Shed Simove: “I Suggested ‘Lie Pad’ But Apple Didn’t Like That Either” - pitdesi
http://techcrunch.com/2011/03/06/shed-simove-i-suggested-lie-pad-but-apple-didnt-like-that-either-nsfw-tctv/
======
phlux
WTF - I MUST sign in with YAHOO or Facebook to leave any comments on TC???

Fark that.

\---

80/20... the 80/20 rule.

Its always 80/20 here on TC.

This is a fantastic piece, the subject and information provided is great --
but as with every single piece on TC, there is that last 20% that is lacking,
such as the ever present typo in just about every TC article:

"...a very special version of the iPad while got him into some of the most
amazingly comical legal trouble with Apple..."

and the horrid quality of the video.

Seriously, Paul -- tell your management to spring for a FLIP.

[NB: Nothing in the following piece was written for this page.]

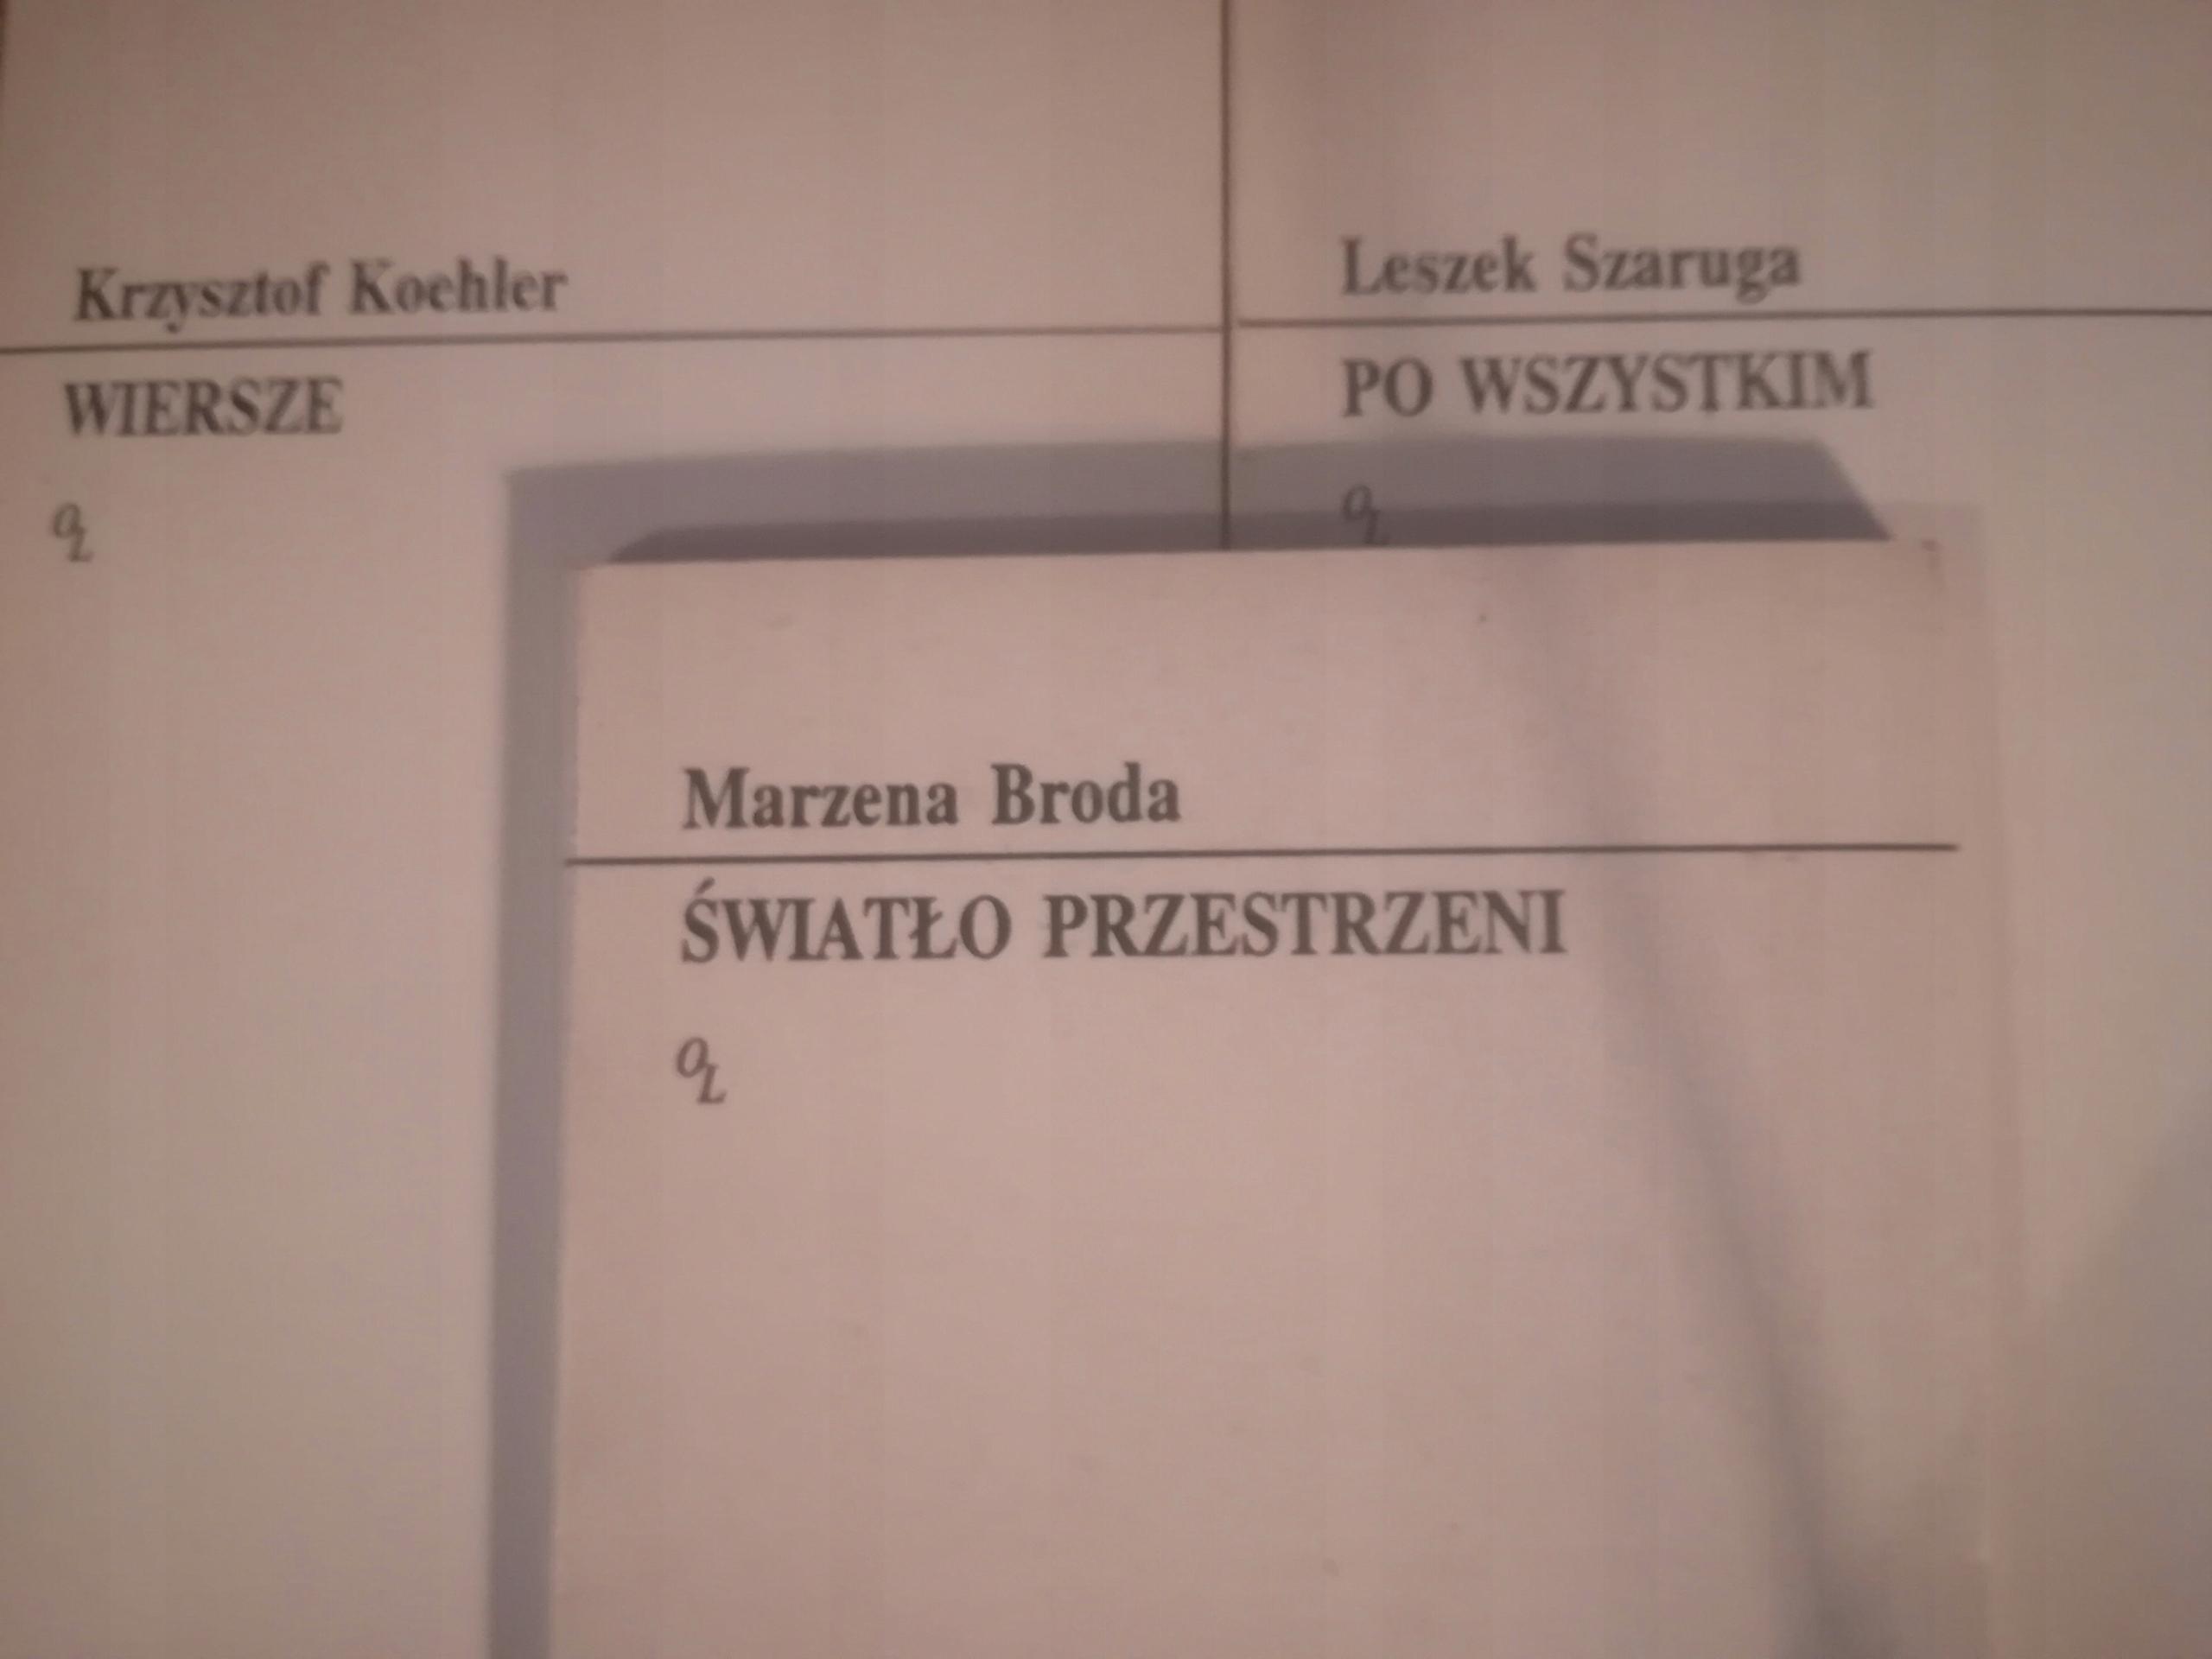 Oficyna Literacka Wiersze X3 Koehler Szaruga Broda

All criticism aside though, you know what would be AMAZING: Please see if Shed
would do a how-to on getting something made and have TC fund something really
interesting: Put up a contest where readers get to submit then vote on an idea
of an object to make in China, take that idea and have Shed find a vendor on
Alibaba and secure a sample.

Document that process - and have TC commit say $2500 to the piece - and show
users how dead simple it is to have their ideas manufactured in China.